Our 135 has an external large fuel injection pump. I will be checking the timing gears once cover is pulled. It may be that teeth may be missing. Is there any way internally that the pump could be causing the lockup? Both the injector pump and all injectors were rebuilt by a Massey dealer. The other issue is the serious drag that makes rotating the engine difficult. I am hoping by pulling the cover that some light may be shed on this. We are slated for a solid week of heavy rain and shop and barn already have equipment torn apart for repairs. It has been a challenging season this year between orchard mower, bush hog and forklift. Murphys law and all. Our 135 is our only tractor with duallies for our uneven terrain, so it's important we sort it out.

Thank you once again

EW1


----------



## EW1 (Sep 29, 2021)

Hacke said:


> Is this possible?
> 
> There is a damaged tooth on the idler gear and a damaged tooth on one of the other gears. The gear train locks when the damaged teeth coincide, but both damages passes the other, undamaged, teeth. It takes 6 revolutions on the crankshaft gear to make the damaged teeth coincide again.
> 
> ...


Hi thank you for the picture and timing marks. Your scenario makes a lot of sense and holds possible answers. Soon as our week of heavy rains stops, we will pull the cover and see what is what. The drag doesn't make sense but maybe fragments are causing havoc. In reinstalling the cover, I wonder if I can use the crankshaft pulley to center the timing gear cover crank seal to ensure optimum proper clearance equally.
Thank you for your input. Hopefully, we can pull the cover soon.

EW1


----------



## EW1 (Sep 29, 2021)

thepumpguysc said:


> I would look at the bottom of the crank gear.. u might find a bolt or something substantial that fell in thru the oil fill.??
> Or 1 other thing.. on the inj pump drive gear there is a dowel pin that locates the inj pump.. it may have gotten pressed out if the inj pump was put on wrong.. just a thought..


Hello, thank you for your reply.

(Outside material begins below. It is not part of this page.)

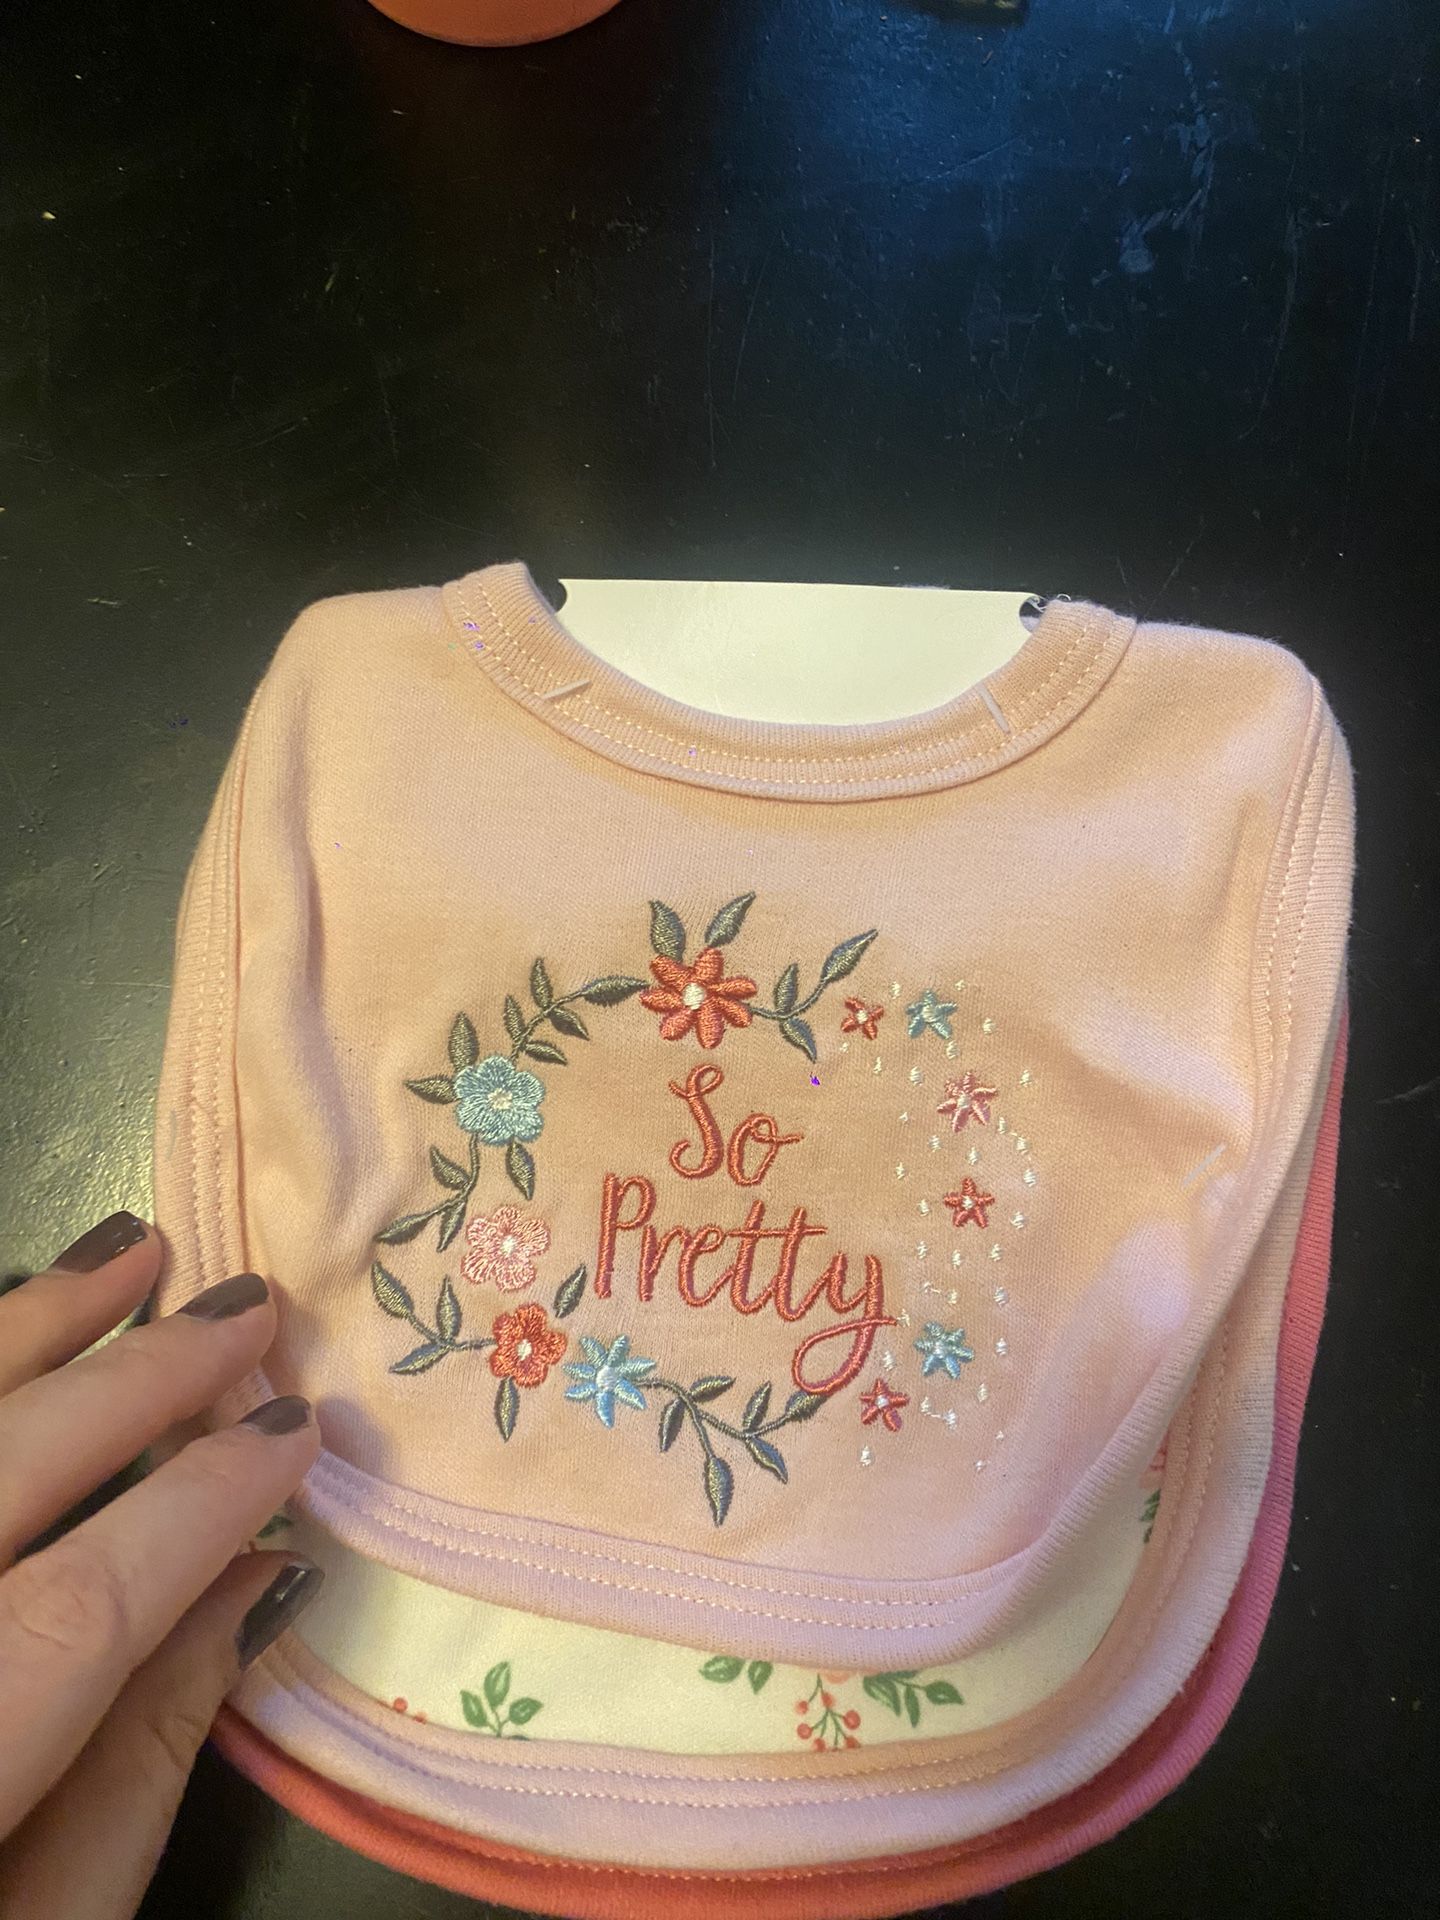 New 3 Set Bibs Infants Girls Pink And Floral

This is a very interesting thought. Even though the injection pump and injectors rebuild was done at a Massey dealer, mistakes can happen. Can the dowel hole be seen with the timing cover off or must we remove the injector pump? Also, if I align the timing marks as in the service diagram, do I also have to ensure the tdc position of #1 piston or by aligning these marks, the #1 piston position will look after itself?

Thank you once again.

EW1


----------



## Hacke (Feb 22, 2011)

EW1 said:


> Hi thank you for the picture and timing marks. Your scenario makes a lot of sense and holds possible answers. Soon as our week of heavy rains stops, we will pull the cover and see what is what. The drag doesn't make sense but maybe fragments are causing havoc. In reinstalling the cover, I wonder if I can use the crankshaft pulley to center the timing gear cover crank seal to ensure optimum proper clearance equally.
> Thank you for your input. Hopefully, we can pull the cover soon.
> 
> EW1


I have not been wrenching on Massey Ferguson, the picture I attached to the previous post is from a Fordson Dexta/Super Dexta shop manual. I know that the engines are alike (F3.152, A3.152, AD.152) but there are surely differences between them.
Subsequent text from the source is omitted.